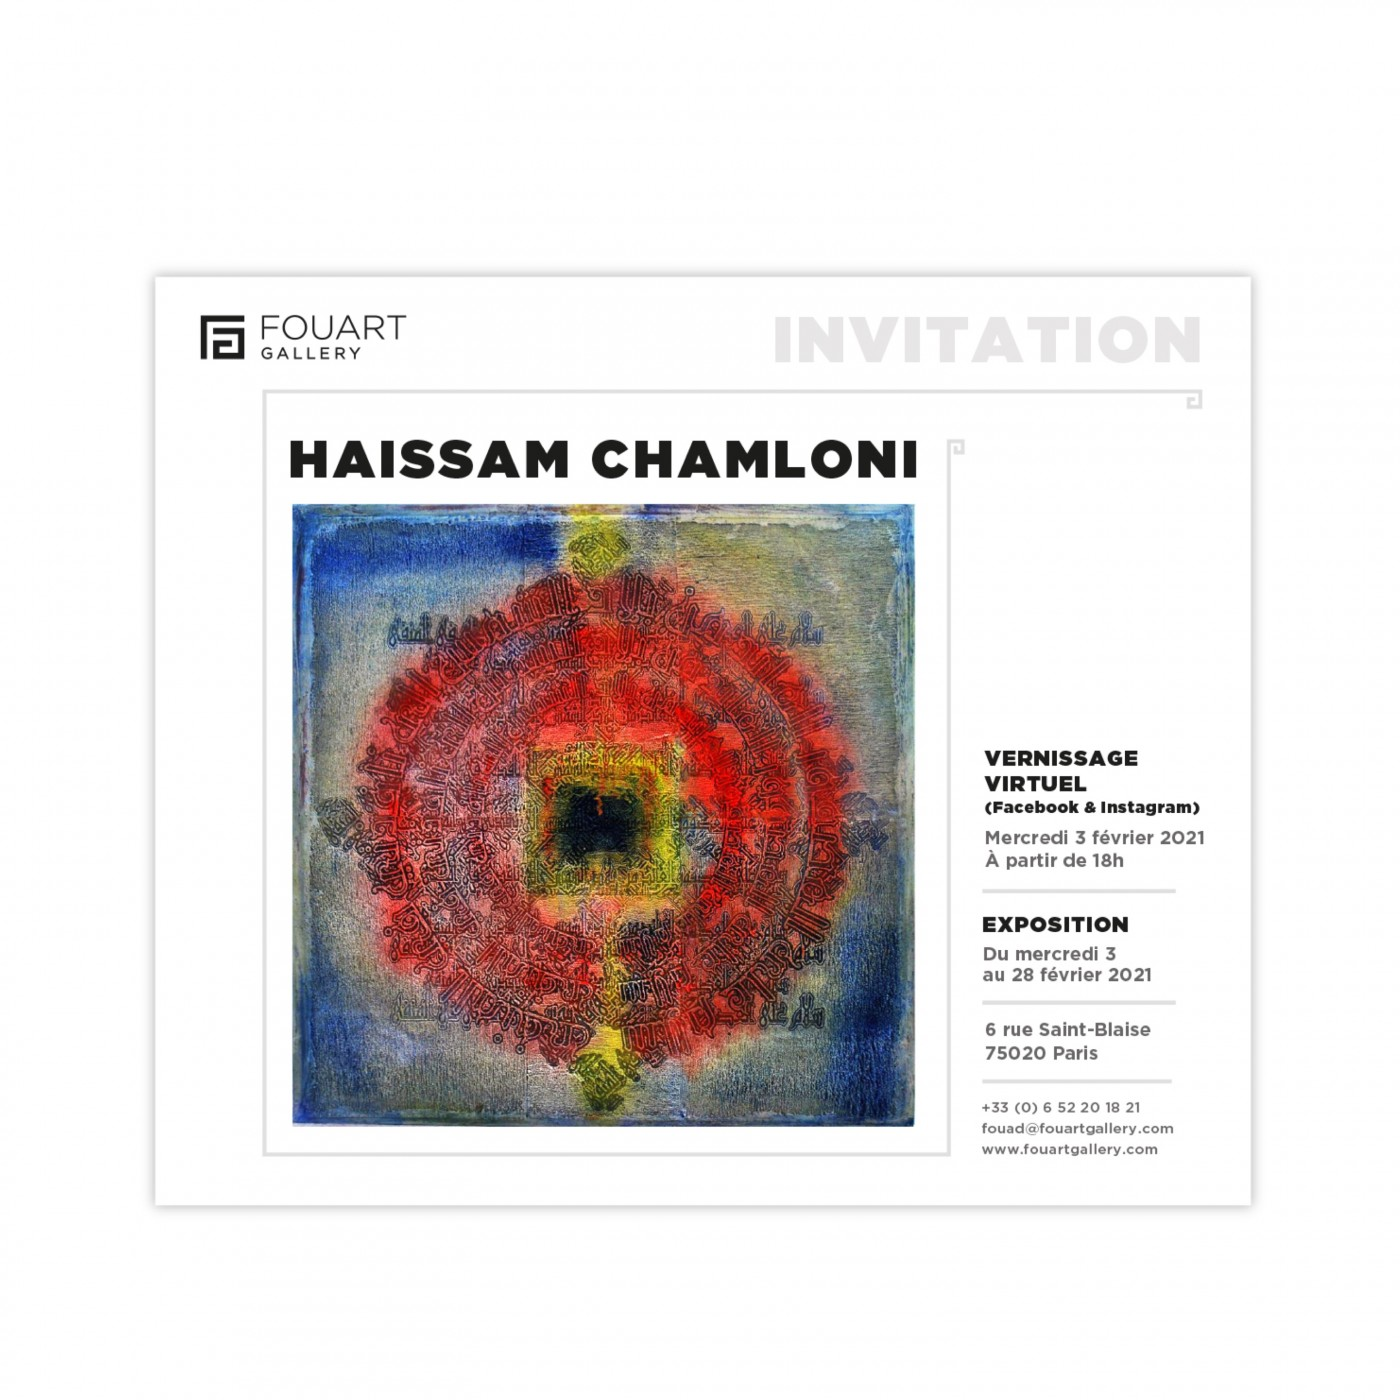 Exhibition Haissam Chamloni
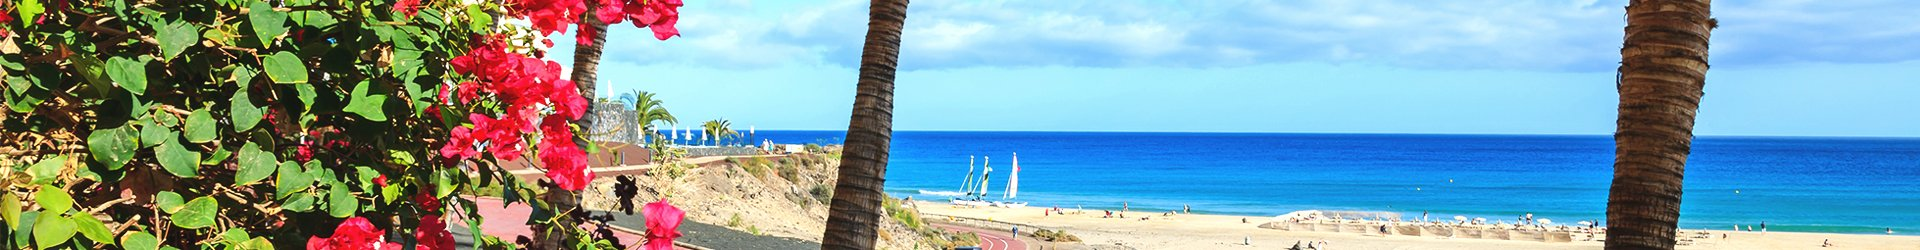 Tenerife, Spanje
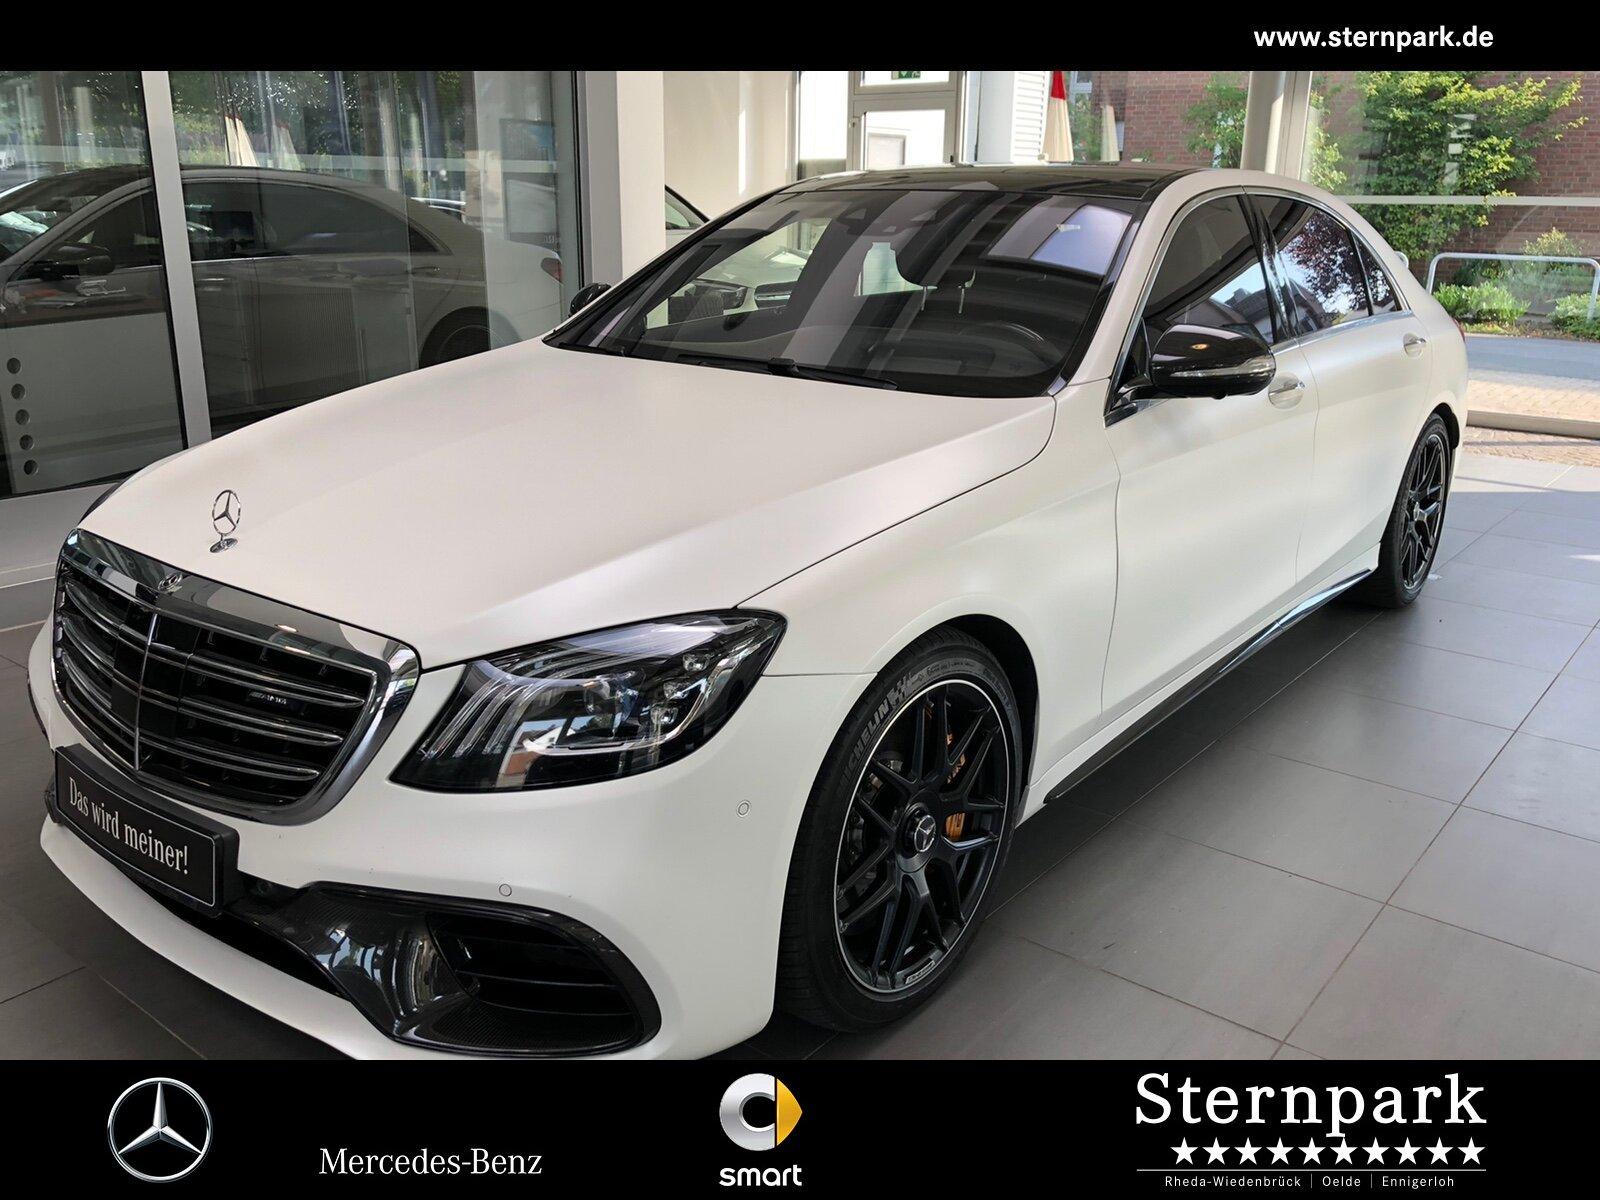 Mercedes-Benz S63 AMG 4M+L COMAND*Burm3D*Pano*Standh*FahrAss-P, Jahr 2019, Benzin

Directions for this task: Write out the lines of the listing from the one that holds "Tenerife, Spanje" to the very last line, both included, exactly as they appear and without any pictures.

Completed exercise:
 Tenerife, Spanje
 Mercedes-Benz S63 AMG 4M+L COMAND*Burm3D*Pano*Standh*FahrAss-P, Jahr 2019, Benzin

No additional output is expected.